Novara – Per gli amatori della pittura dell’Ottocento, soprattutto di quella che non si vede nei musei ma che è gelosamente custodita nei salotti delle case private, è giunta l’ora di andare, anzi tornare, al Castello Visconteo Sforzesco di Novara dove è aperta (e lo resterà fino al 6 aprile 2026) la mostra L’Italia dei primi italiani. Ritratto di una nazione appena nata. Vuol essere questa rassegna una sorta di viaggio pittorico compiuto nella seconda metà dell’Ottocento durante il quale s’incontrava e ammirava la vita alacre e colorita della gente d’Italia e si rimaneva stupiti davanti a paesaggi di ineguagliabile incanto. I nostri artisti furono davvero bravi a fermare questo composito universo, almeno sulle tele luminoso e in pace, raffigurando con una pittura colma di piacere narrativo e rappresentativo le bellezze naturali del paesaggio, la semplicità episodica del quotidiano e il suo vivace folklore.

Proprio con opere di soggetto tanto vario e brillante è allestita la rassegna novarese dove geograficamente il Bel Paese è tutto presente, dalle vedute luccicanti di neve della Val Vigezzo e di Cortina dipinte da Cesare Maggi e dallo specchio turchino del lago Maggiore di Angelo Morbelli fino alla radiosa luce della Marina Grande di Capri magistralmente colta da Rubens Santoro, alla garibaldina e quieta Caprera ritratta da Luigi Steffani e alla sinfonica maestà della Conca d’Oro palermitana di Francesco Loiacono. In mezzo tutta l’altra Italia (e qui si potrebbe aggiungere il verdiano “sì bella e perduta”) anche quella meno nota e consueta e se davanti ai panorami ci si poteva a ragione incantare, non si poteva non prestare sguardi incuriositi al gran daffare delle Lavandare dell’Ema protagoniste di un quadro di Angiolo Tommasi, al lavoro non facile degli

Oiseleurs di Alceste Campriani o alla Raccolta delle zucche di Francesco Paolo Michetti per la quale D’Annunzio non fu parco di mirabolanti parole descrivendone l’ambientazione simile a “ruina immane di una pagoda, a frammenti di colossi buddistici” e indugiando sulle “cocozze chiazzate di strane forme, di strani contorcimenti, simili a teschi mostruosi, a vasi guasti da gonfiori”.
Emozionante, pittoresca, folkloristica certo l’illustrazione del piccolo e giovane mondo italiano, ma non erano soltanto questi i soggetti scelti dai pittori. La borghesia andava affermandosi e ci teneva, eccome, ad essere rappresentata e a mostrare il suo status emergente. Giuseppe De Santis la ritrae mentre passeggia elegante e svagata nel parco della Villa Comunale di Napoli mentre Vespasiano Bignami la coglie “il dì di San Giorgio” nella scampagnata primaverile fuori Milano dove al passaggio della compagnia “dei sciuri” un oste si leva il cappello sperando in una loro sosta.

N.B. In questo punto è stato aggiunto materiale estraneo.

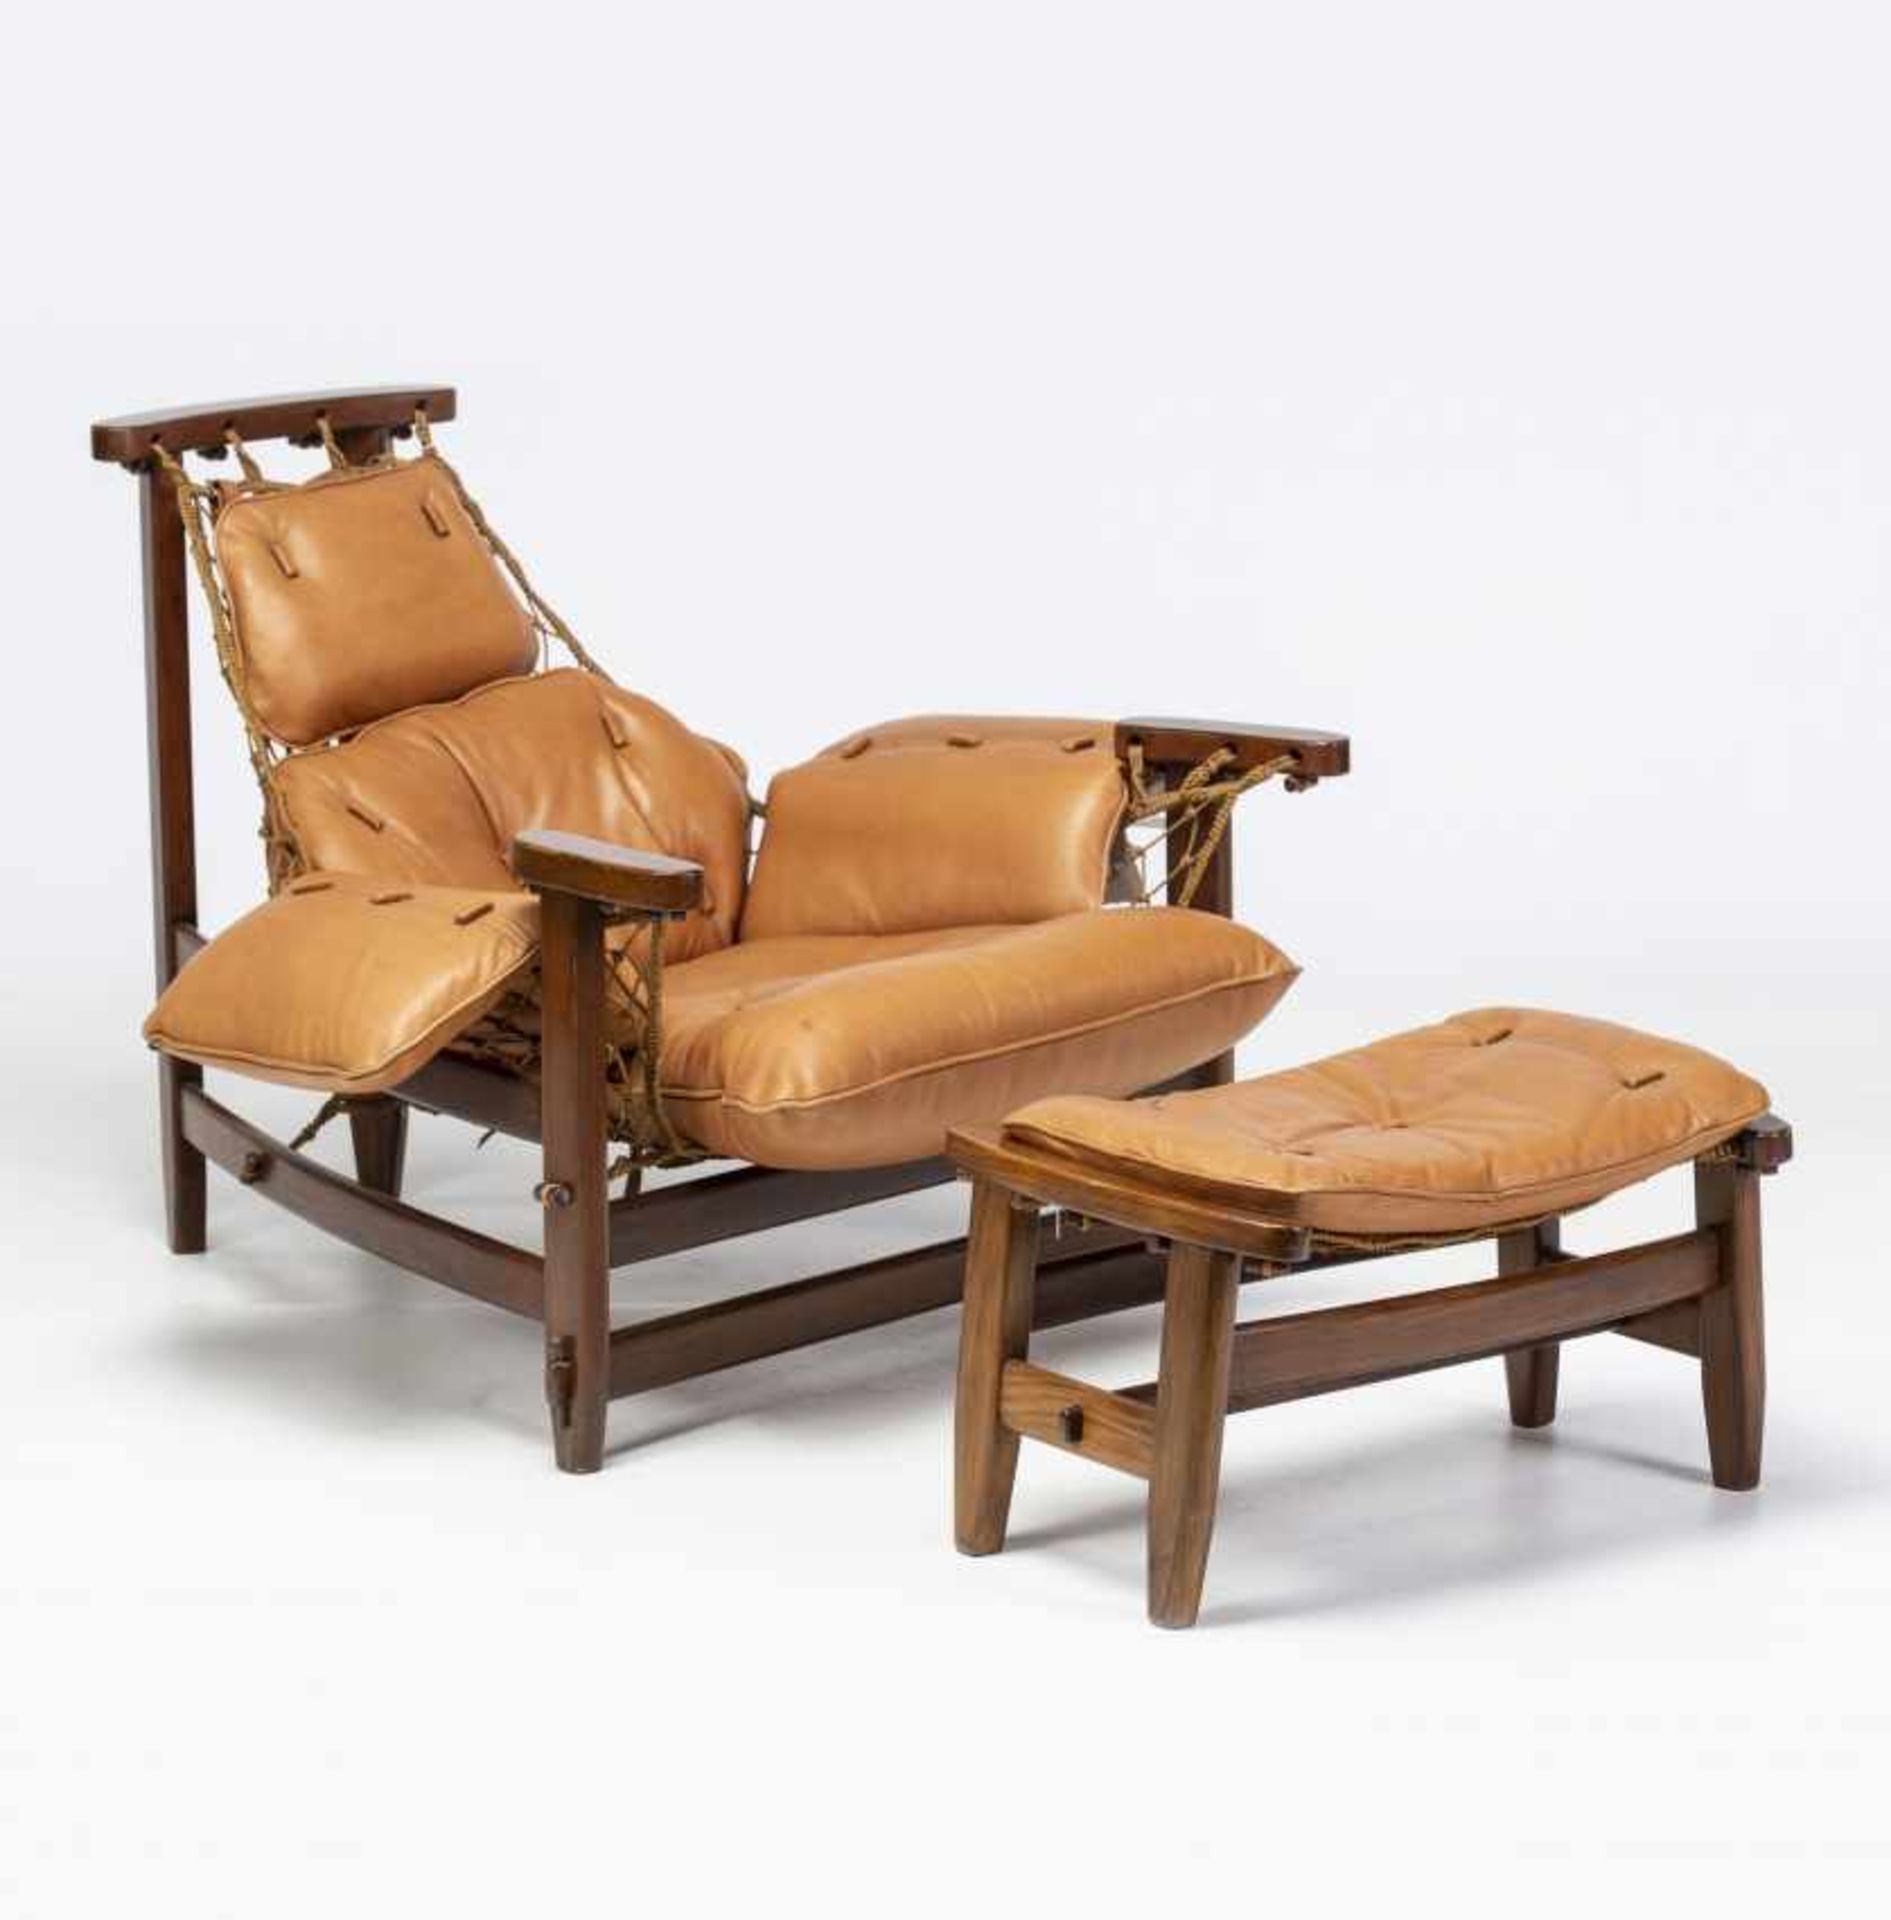 Jean Gillon, "Captain's" armchair with ottoman, Rosewood, sJean GillonIasi, 1919 - Sao Paulo, 2007" - Bild 2 aus 8

Non era tuttavia solo così (anzi!) l’Italia della seconda metà dell’Ottocento: problemi tanti e gravi non mancavano; la povertà dilagava, le cucine economiche per un pasto a buon mercato non avevano mai un posto libero come si vede nel quadro di Attilio Pusterla, l’ “amore venale” era diffuso e lo colse nella sua scabra realtà Angelo Morbelli, il lavoro dei bambini nelle fabbriche, molto duro ed estenuante, era una piaga. Qualcuno di loro sfuggiva però a fatiche così brutali: per i ragazzi chioggiotti di un quadro di Leonardo Bazzaro era solo un gioco la Scelta delle moeche e per la Piscinina del Longoni c’era la speranza di una mancia portando il vestito a una signora sicuramente ricca. Giusto come poteva essere la madre che nella tela di Italo Nunes de Vais saluta con un bacio la figlia dal finestrino di un treno in partenza verso mete lontane. Proprio come sarà per l’Italia e anche per i suoi artisti.